Chapter 2 Starting a new year
There are several steps to beginning a year’s assessment. This guide walks through the steps you will want to take. Each of the following steps is described in detail:
- Review and organize relevant github issues
- Prepare the repositories
- ohiprep_v20??
- ohi-global
- Keeping track of layer progress
2.1 Review and organize relevant issues
Review the github::issues from the previous year’s assessment and create a list linking to the particular issues that might be useful in the year to come. This can include:
- references or discussions that may lead to improvements to goal models, pressures or resilience
- new datasets that are worth exploring
- potential new improvements to ohicore
- ideas for reorganizing or cleaning repositories
- etc.
Create a new issue that organizes and links to these issues. This officially marks the start of the OHI assessment!
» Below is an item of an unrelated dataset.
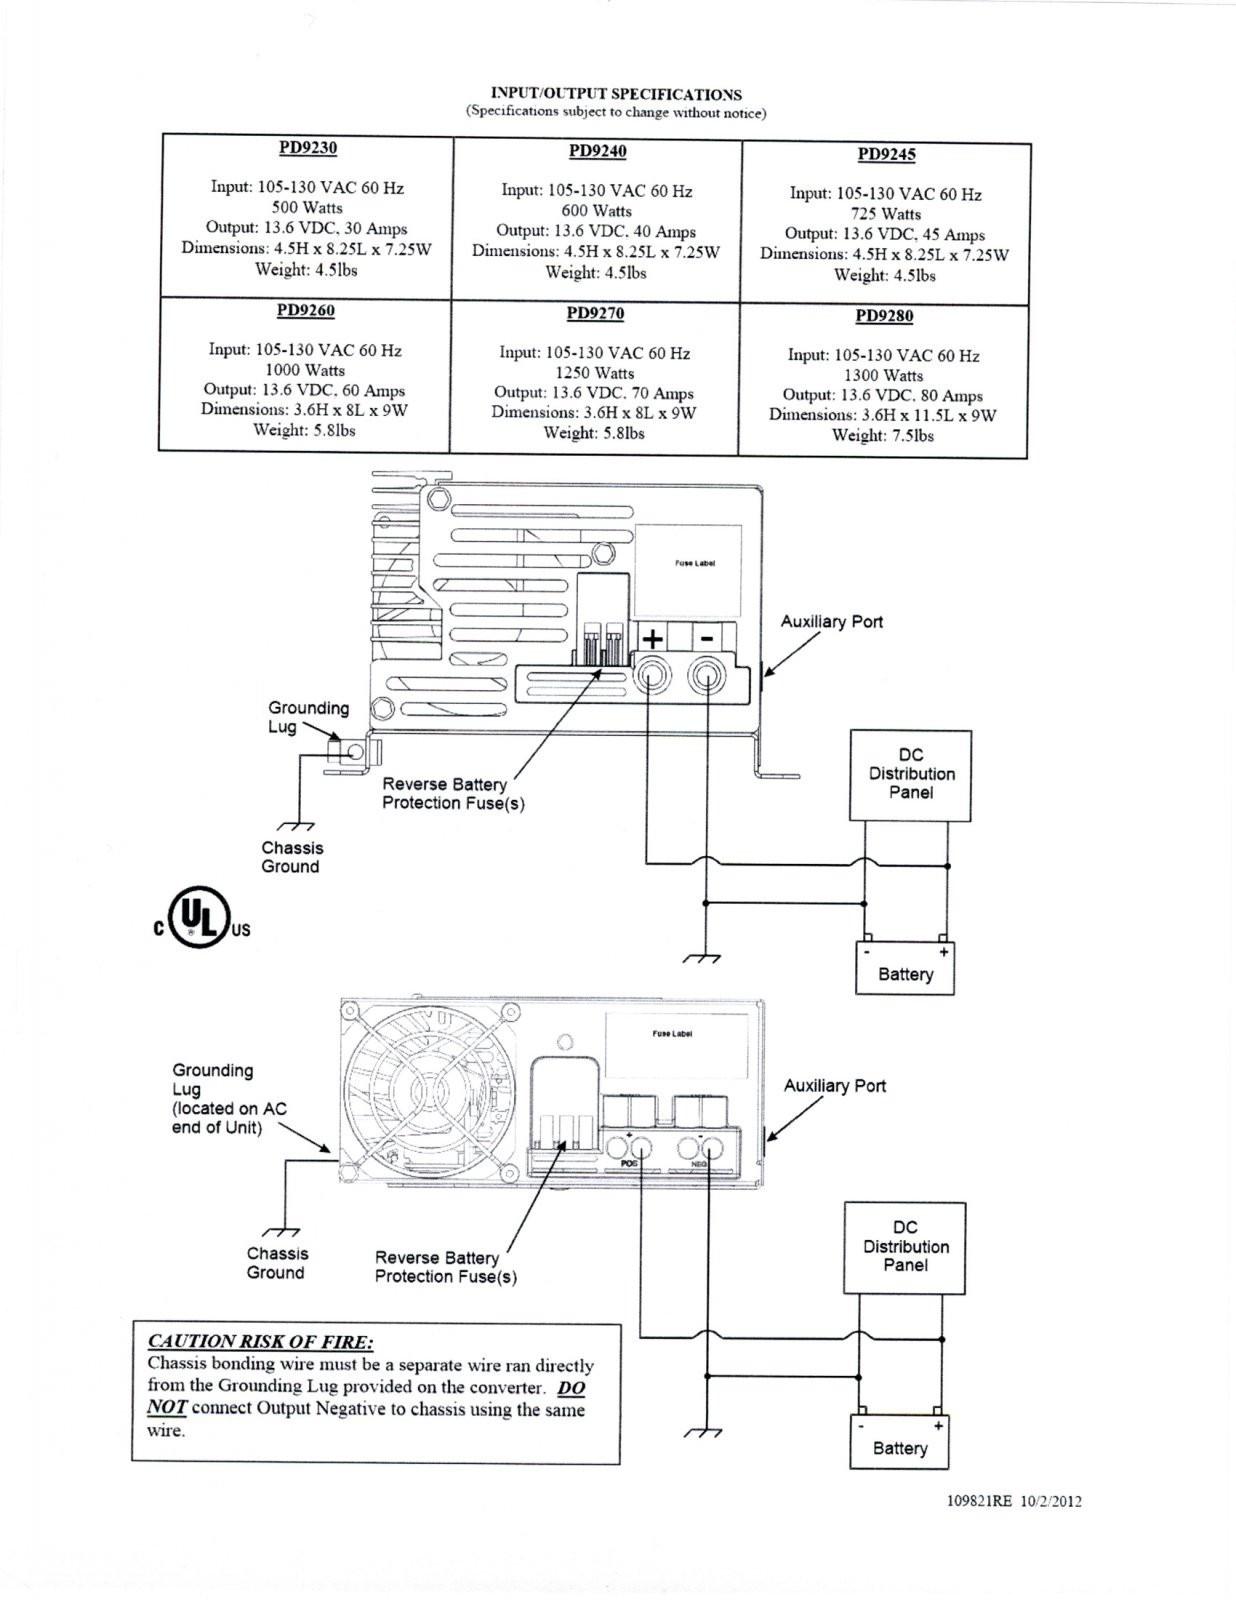 elixir converter wiring diagram trusted wiring diagrams free repair diagrams wiring diagram elixir industries wiring diagram and schematics tier 3 wiring diagram elixir converter wiring diagram

(This is also a good time to close issues that are completed or no longer relevant.)
2.2 Prepare the repositories!
In preparation for the new assessment, you will need to prepare the repositories we use for the global assessment.
For the ohiprep repository, you will actually copy the previous year’s assessment into a new repository with an updated name and delete the history (more on this below). This helps to keep the size of the repository under control. For the ohi-global repository, you will update a couple files and perform a couple checks to make sure the scores do not change.
ohicore will probably not need any changes. However, now is a good time to improve warning messages or add functions to improve analysis and visualization.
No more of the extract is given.